A new article in an American Heart Association journal draws a compelling analogy between preventing sudden cardiac death and preventing nuclear war. That the three authors are long-time members of IPPNW should come as no surprise. In “Cardiac Events and Nuclear War: Prevention by Cardiovascular Specialists,” in the June 4 issue of Circulation, James Muller, John Pastore, and Amir Lerman relate the risks of heart attack to the risks of nuclear catastrophe.

“Although cardiac risk may be low in any given year, cardiologists act on the basis of cumulative risk over a decade or a lifetime. For the nuclear threat, which has a low annual risk, we must think in terms of the lifetime of humanity. A 1% annual risk of nuclear war, started by intention or by accident, rises to a 50% risk over a 70-year period.”

Both sets of risks, they argue, require changes in behavior.

“Prevention of cardiac events in most cases requires a change in behavior: cessation of smoking, taking medications for hypertension, weight loss. …[T]he prevention of nuclear war also requires a difficult change in high-risk and potentially modifiable behavior. We  must recognize that in the nuclear era destructive force can no longer be the ultimate guarantor of security.”

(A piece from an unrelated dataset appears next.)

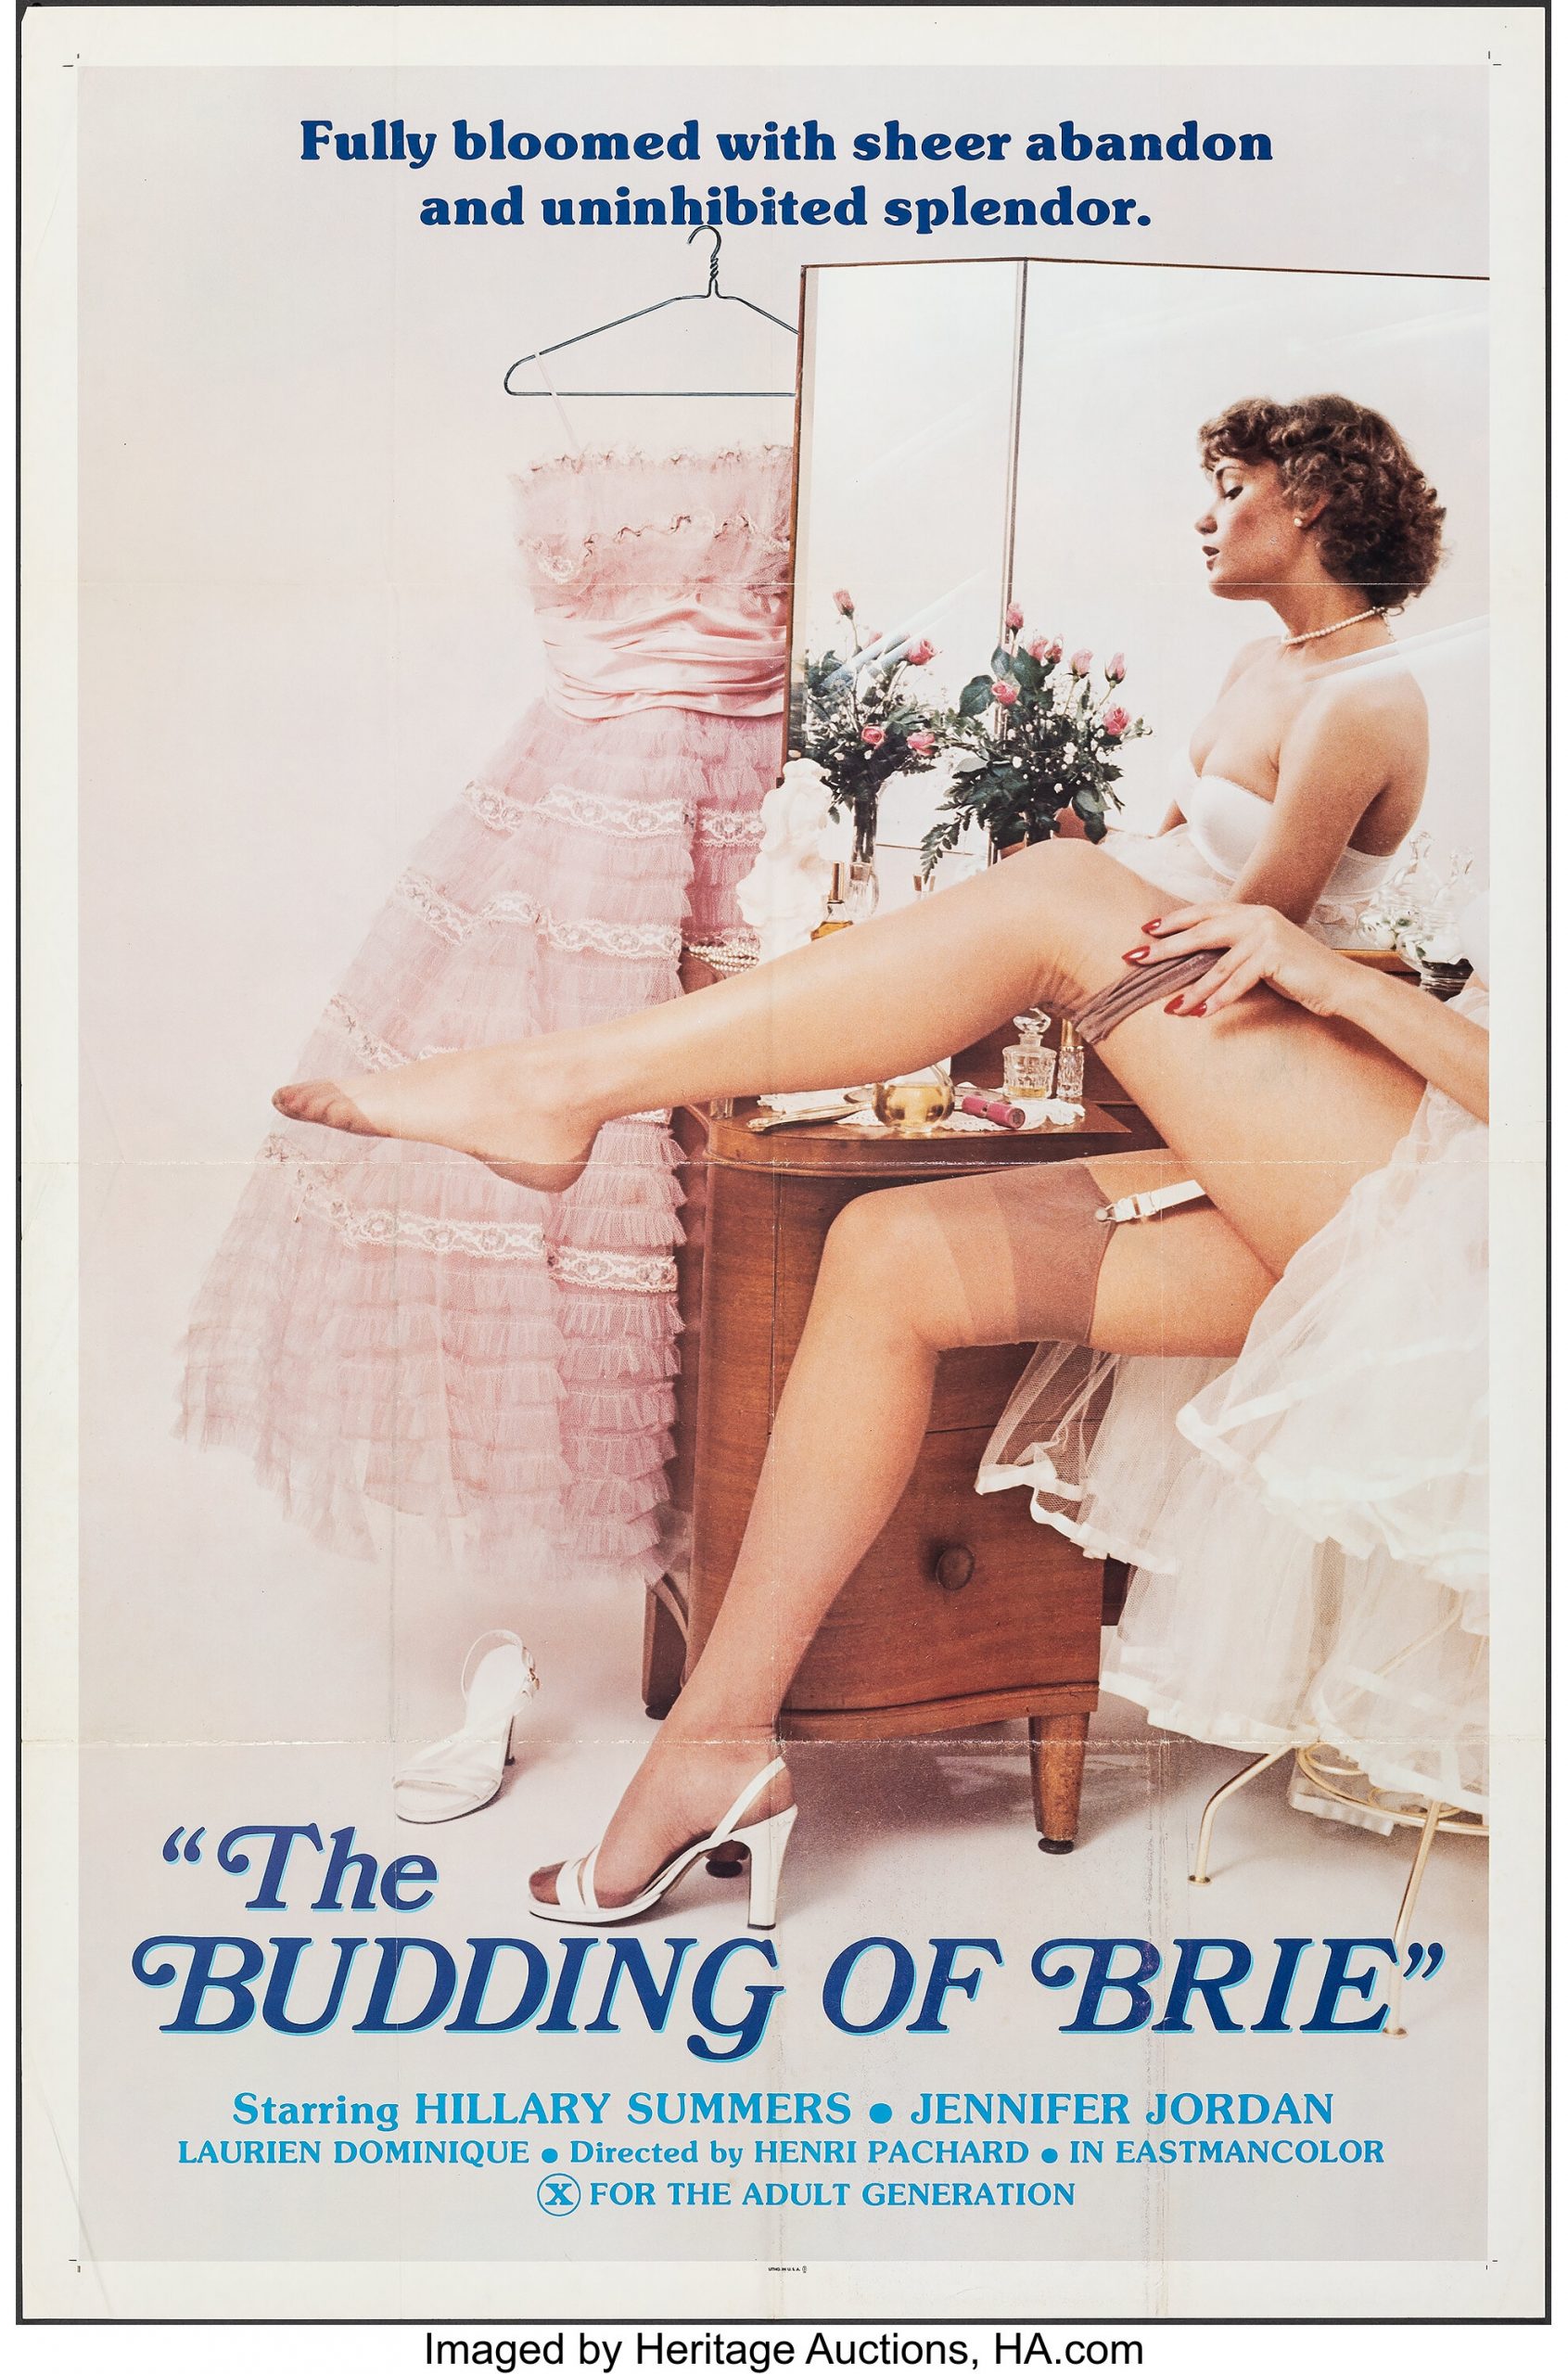 The Budding of Brie (1980) - Original Poster - vintagepornfun.com
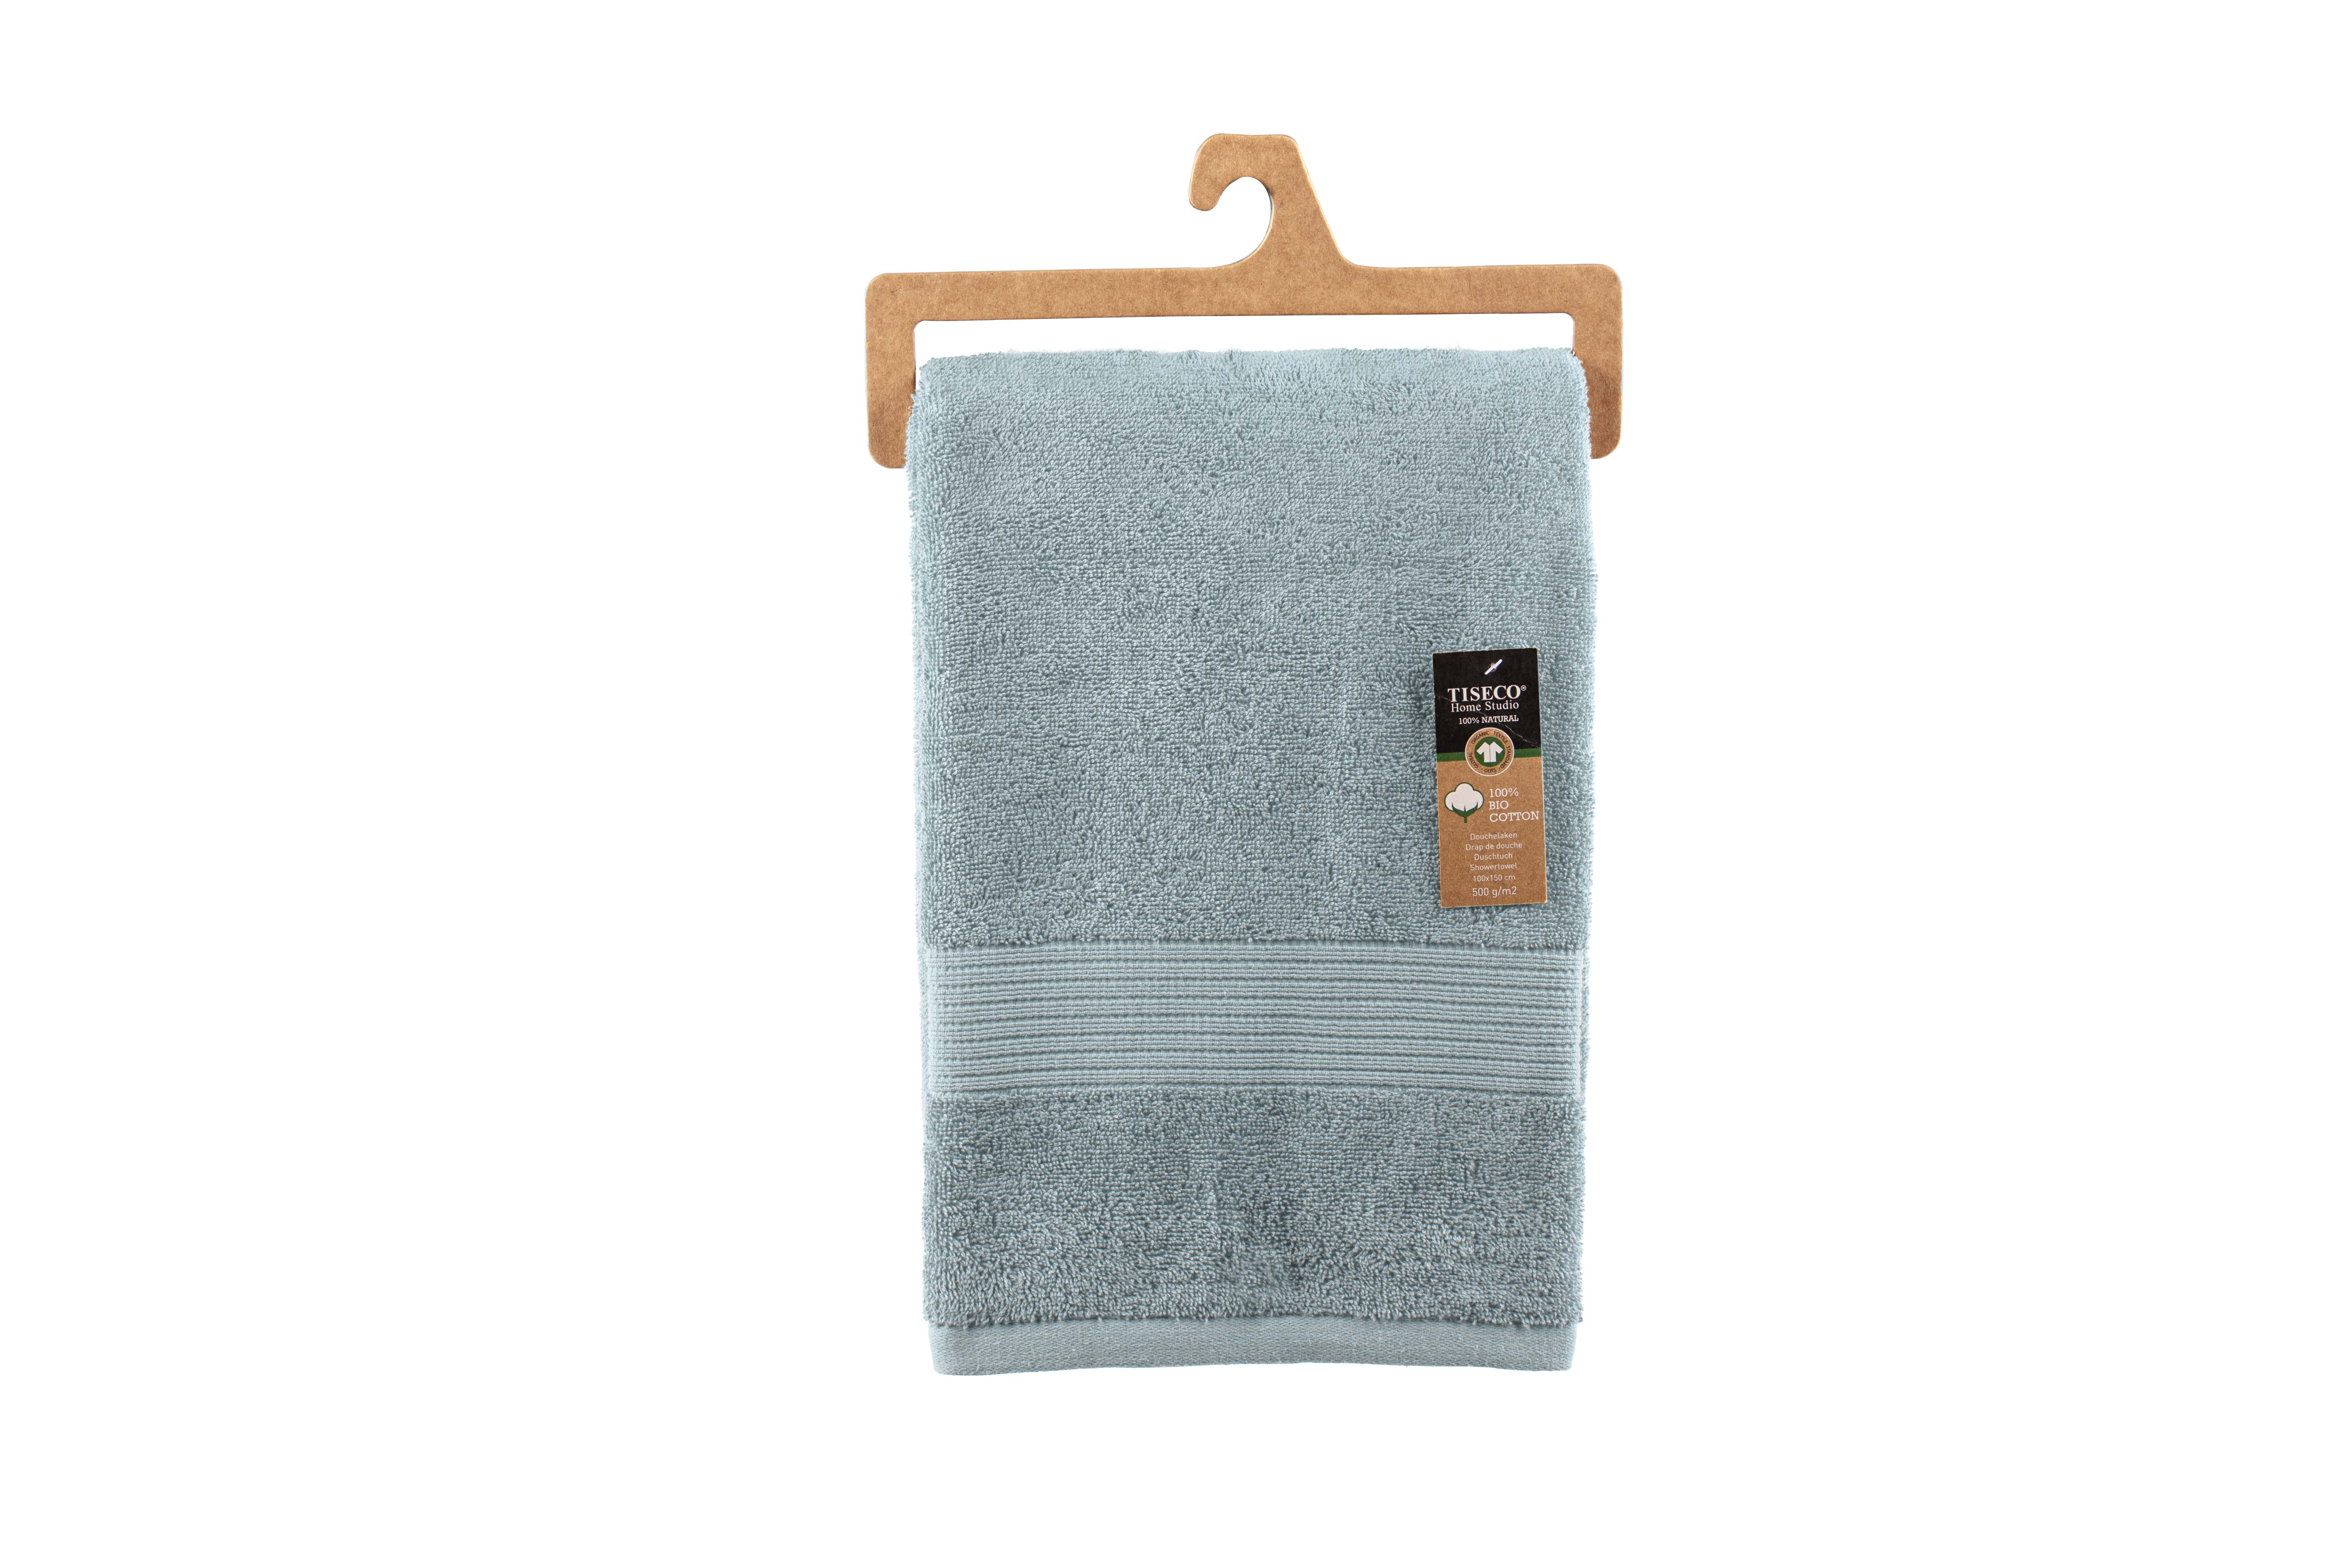 Shower towel EDEN 100x150cm, stone blue

The authors cite the work of IPPNW, its US affiliate Physicians for Social Responsibility, and ICAN, and recommend participation in the Back From the Brink campaign. The US campaign, co-sponsored by PSR, calls for specific concrete steps to reduce the risks of nuclear war, including renouncing first use of nuclear weapons; ending the sole, unchecked authority of any president to launch a nuclear attack; taking US nuclear weapons off hair-trigger alert; cancelling the trillion-dollar program to rebuild the US nuclear arsenal; and pursuing an agreement with the other nuclear-armed states to eliminate all nuclear weapons.